In practice, yes. Absolutely.

With your grandmother, no. Unless your grandmother is a raging asshole and doing it on purpose to sleight you - your grandmother likely loves you very very much. She’s not doing it on purpose.

(If your grandmother is intentionally sleighing you, ignore the following completely. Fk her if she is.)

Your grandmother likely has zero frame of reference to contextualize what she is inadvertently doing. She’s been doing and saying the same idioms for 60, 70, 80 years or more. I COMPLETELY understand the frustration but she’s not repeating them to sleight you.

If you have a good relationship I’m sure if she’s doing something that is especially triggering - she would be more than happy to adjust with gentle reminders after you’ve had a discussion about it and a gentle reminder when ever she falls back into old habits.

We all know kids learn language fast and more easily with immersion. Adults are exponentially worse. Can you imagine what it’s like for an Octogenarian, let alone with zero immersion? You are likely their ONLY point of reference. It’s going to take time to unlearn those habits. It’s like they’ve only spoken English their entire life and suddenly everyone around them speaks fluent Spanish and those around them are frustrated with them that they keep speaking English. They haven’t changed or moved - everyone else is changing around them, and although for the better your grandparents are understandably confused at the resentment.

Regardless - If she actually knows certain phrases bother you she will change. It will take practice on her part. But give her some latitude.

If she refuses to change, family is who you choose to surround yourself with, not who’s genetics you share. If you’re young and compelled to acquiesce to the whim of your parents in the meantime to tolerate your grandparents, know you’ll be able to choose for yourself who your family are sooner than to think.

But what I wouldn’t give for even one more day with my grandmother who loved, accepted, and supported me like no other even when she didn’t completely understand.
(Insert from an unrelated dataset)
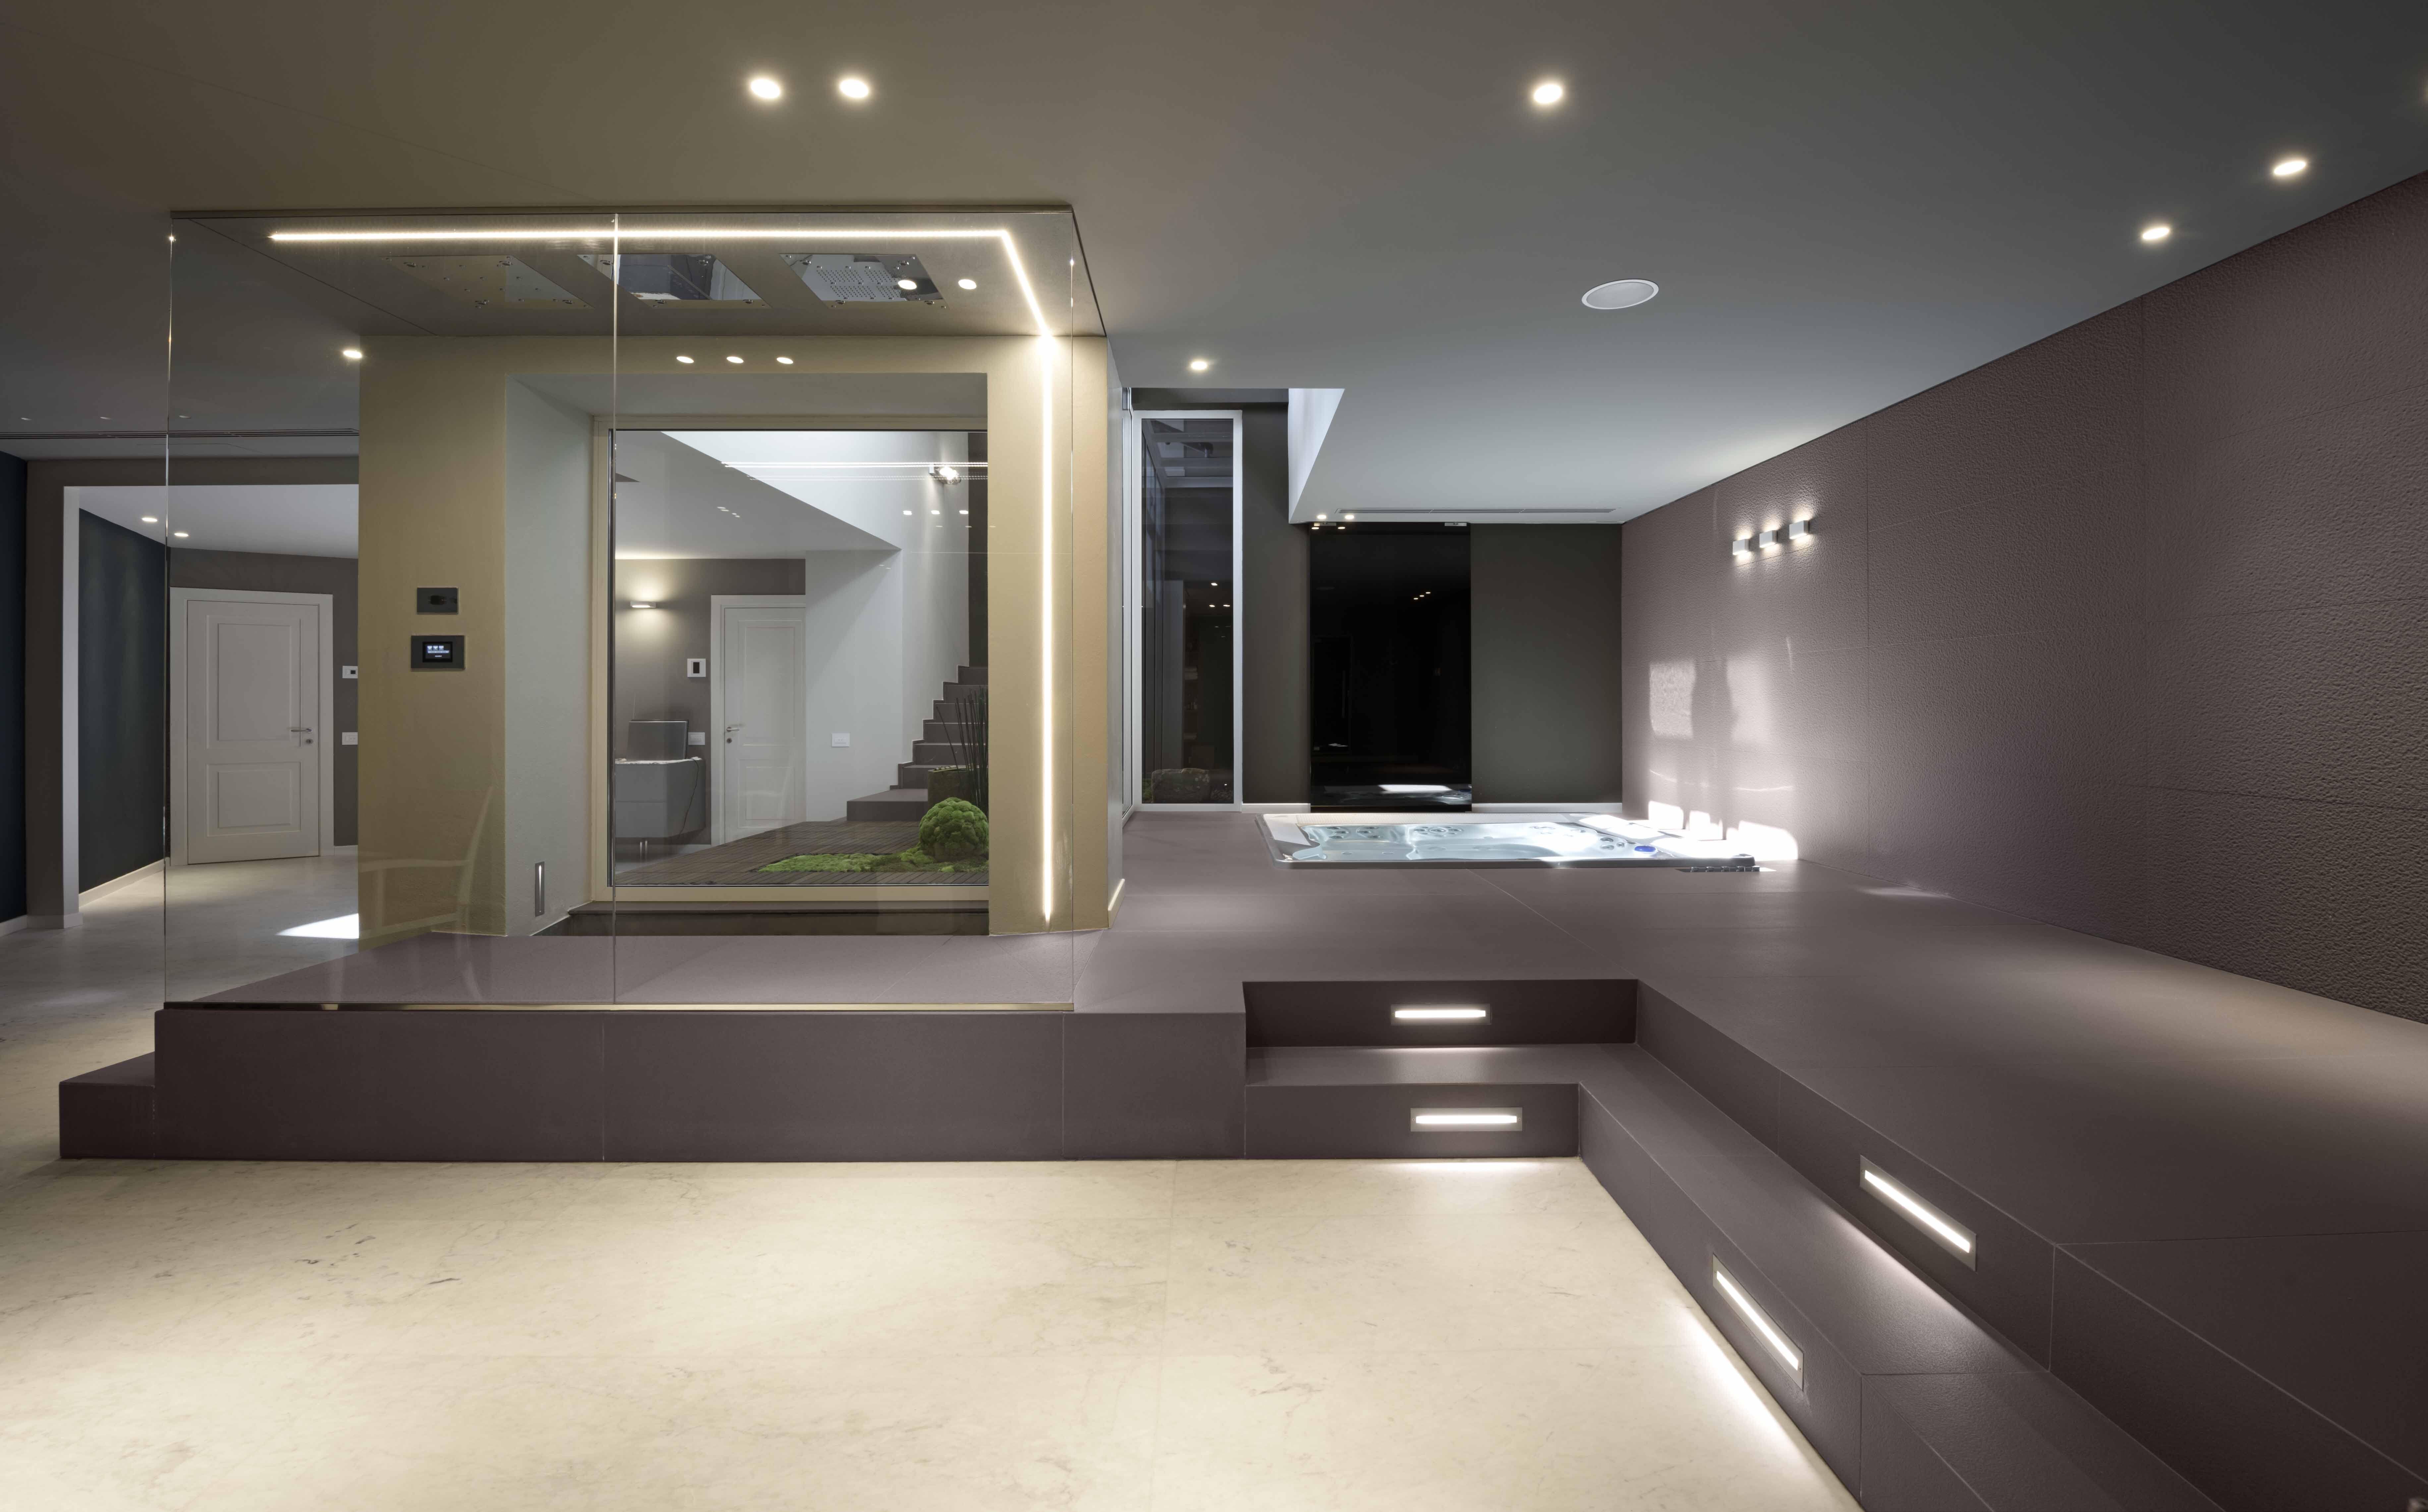 SPA interior wall cladding and flooring
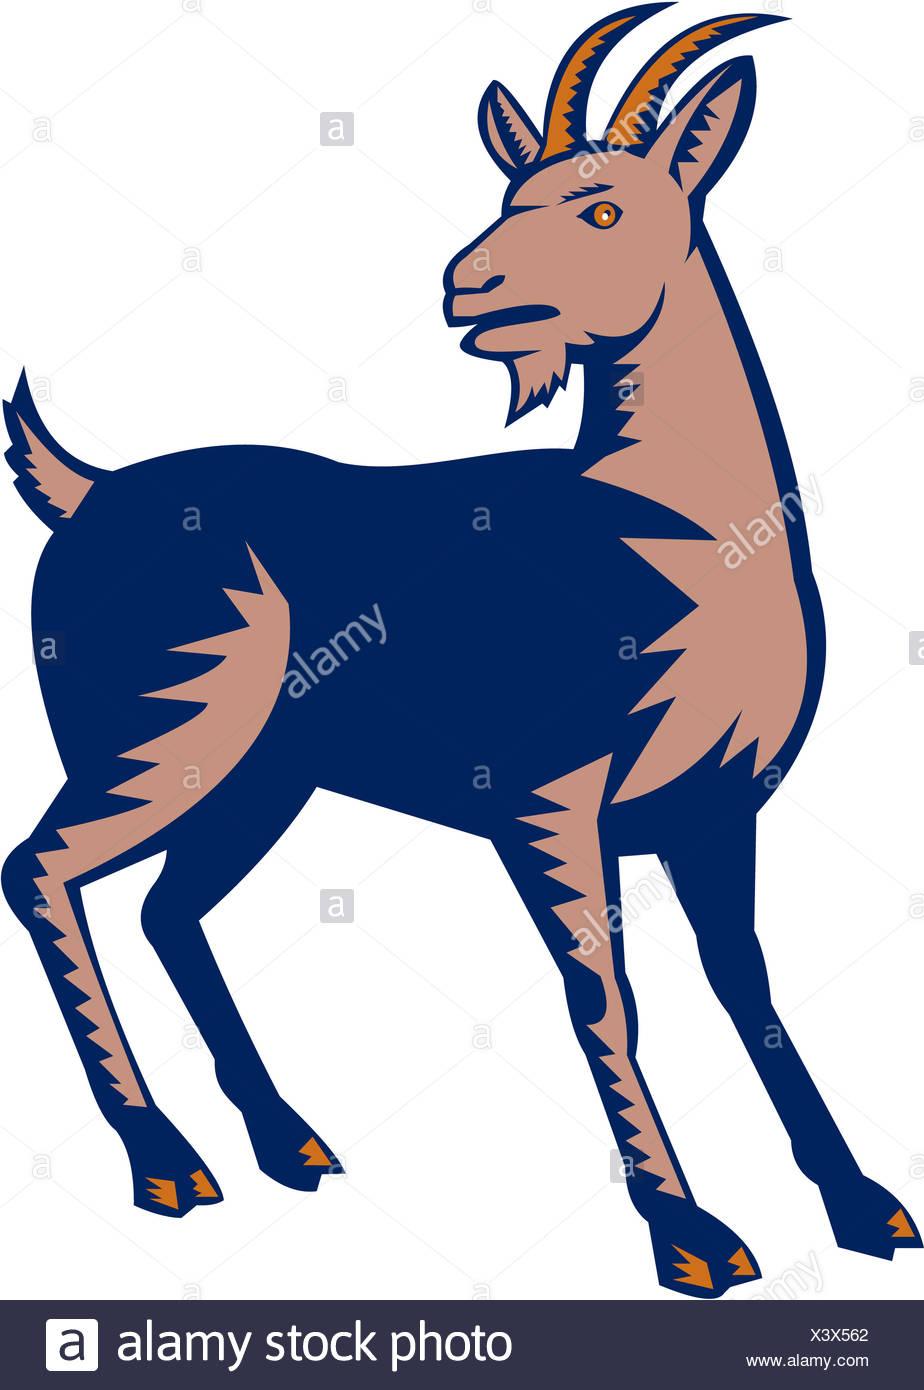 Domestic Goat Woodcut - Stock Image

Even when she got it wrong she tried so, so hard to get it right. She’d even correct other people and shoot me a grin afterward - so proud of me and proud of herself for advocating for me and being a better person.

Get mad at others especially ones that don’t care about you - but be patient and love your grandmother unconditionally like she loves you.

And hug her big for my sake. Maybe twice.